Awards and highlights
- New England Patriots All-1980s Team;

Career NFL statistics
- Receptions: 117
- Receiving yards: 1,233
- Receiving touchdowns: 8
- Stats at Pro Football Reference

= Lin Dawson =

American football player (born 1959)

James Linwood Dawson, legally changed to Lin Dawson in 1993 (born June 24, 1959), is an American former professional football player who was a tight end for the New England Patriots of the National Football League (NFL). He serves as the managing director of The Lin Dawson Organization, LLC.

Lin grew up in Kinston, North Carolina. After graduating from Kinston High School in 1977, he accepted a football scholarship from NC State University.
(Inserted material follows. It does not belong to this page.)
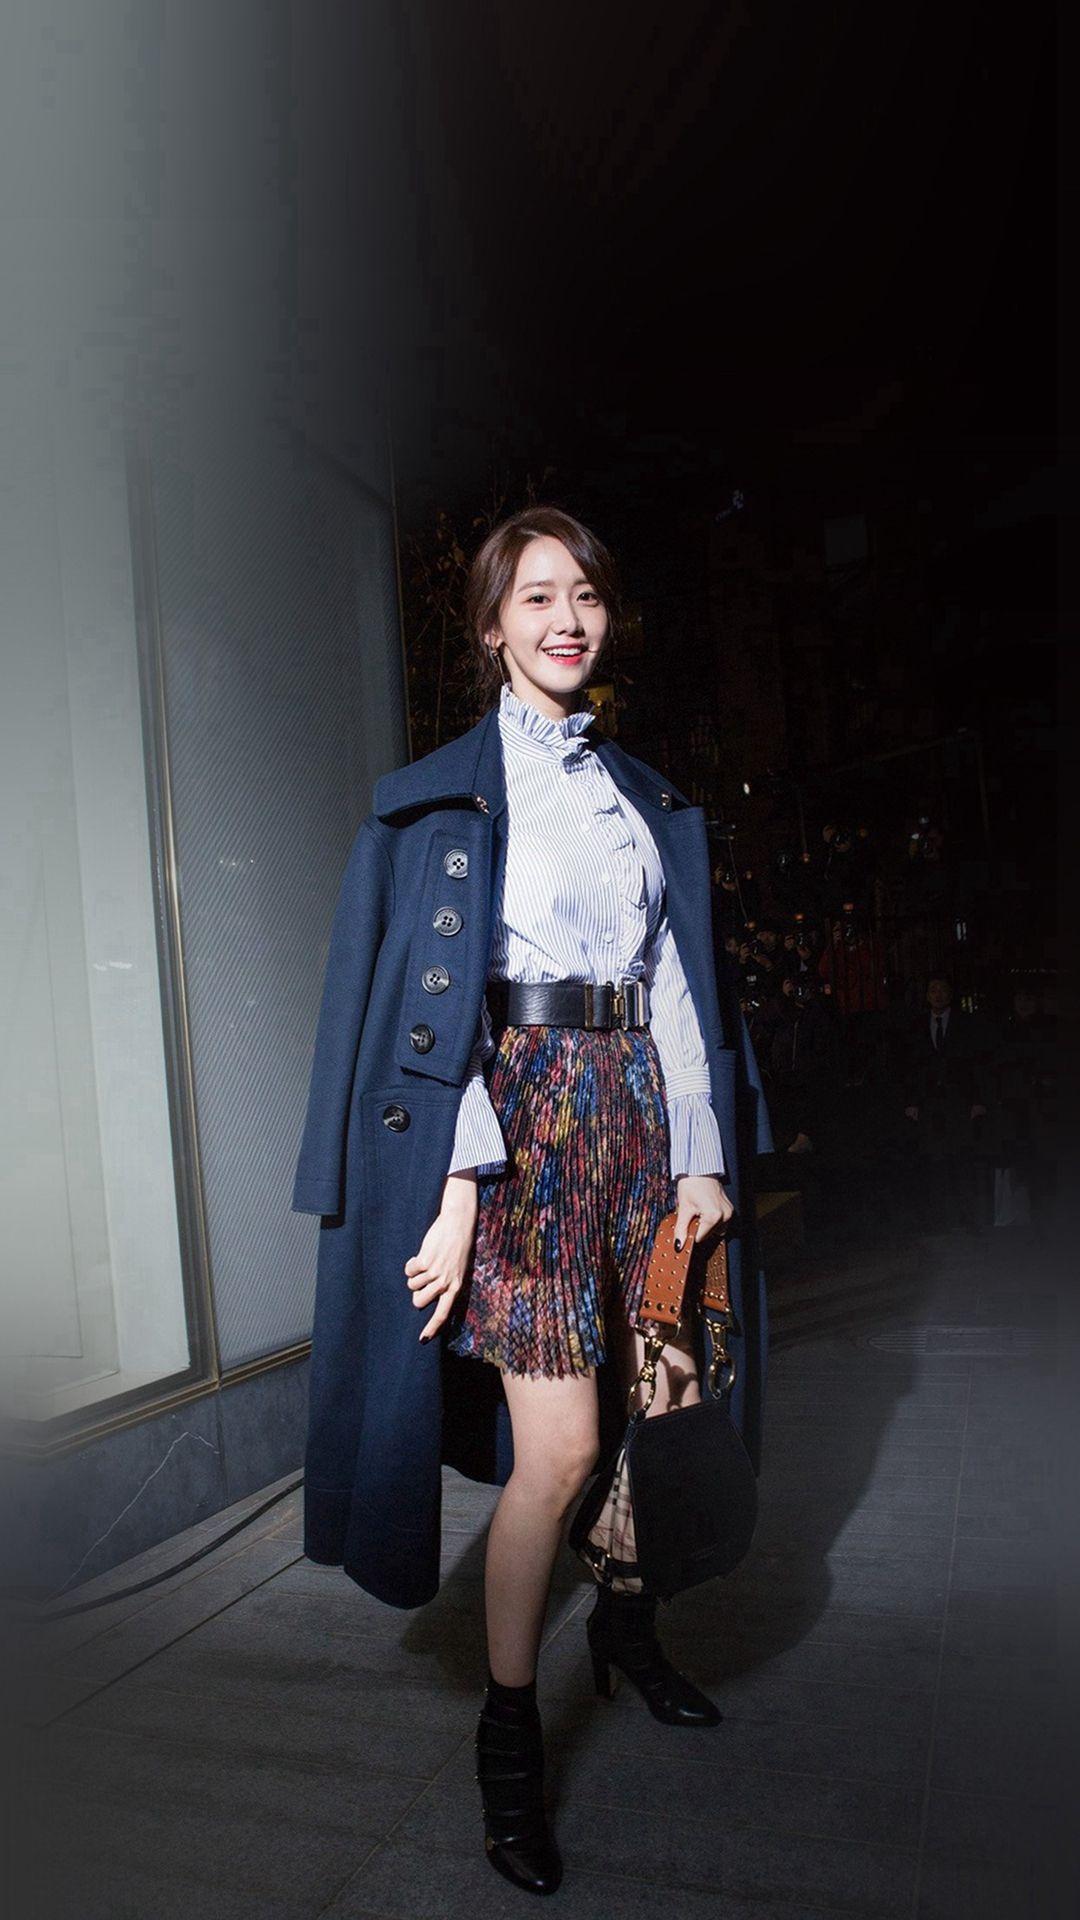 Kpop Snsd Yoona Smile Iphone 8 Wallpapers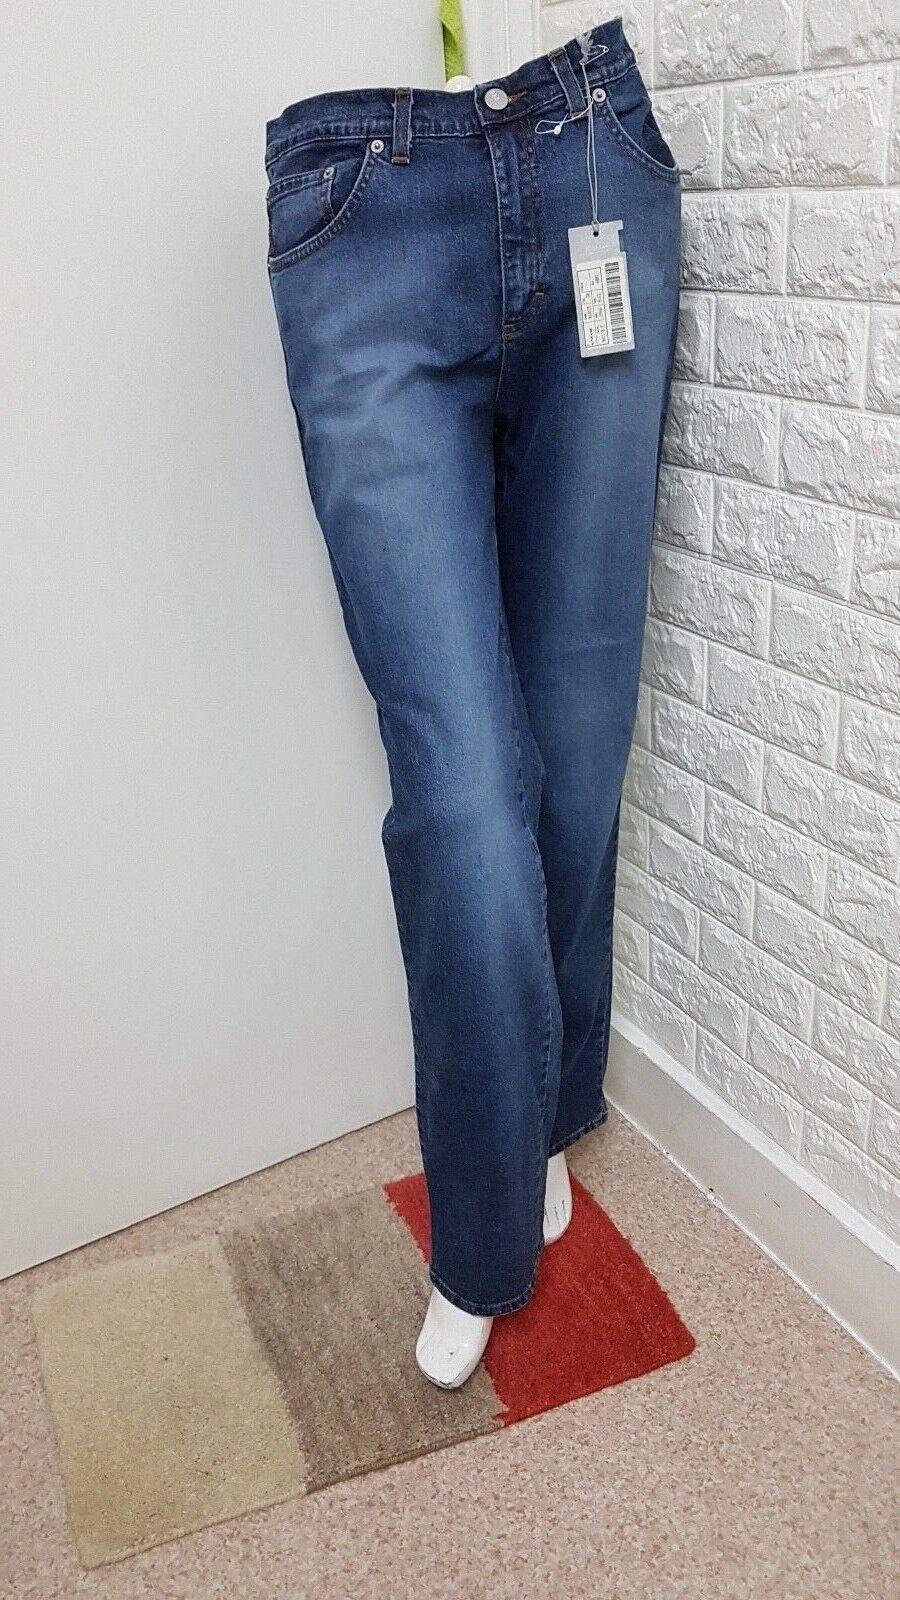 ICEJEANS ICEBERG gilmar UOMO INCREDIBILE ITALIA Jeans Taglia    30 b10e1a

In the 1981 NFL draft, he was selected by the New England Patriots in the eighth round with the 212th overall pick. He played ten years with the Patriots. A starter at tight end, Dawson suffered torn ligaments in his knee on the Patriots’ first offensive play from scrimmage in Super Bowl XX on an incomplete pass thrown to him by quarterback Tony Eason, causing him to miss not only the rest of the Super Bowl but the entire following 1986 season. He was a member of the New England Patriots ‘Team of the Decade-1980's.

During the 1987 NFL players strike, Dawson was the player representative for the New England Patriots.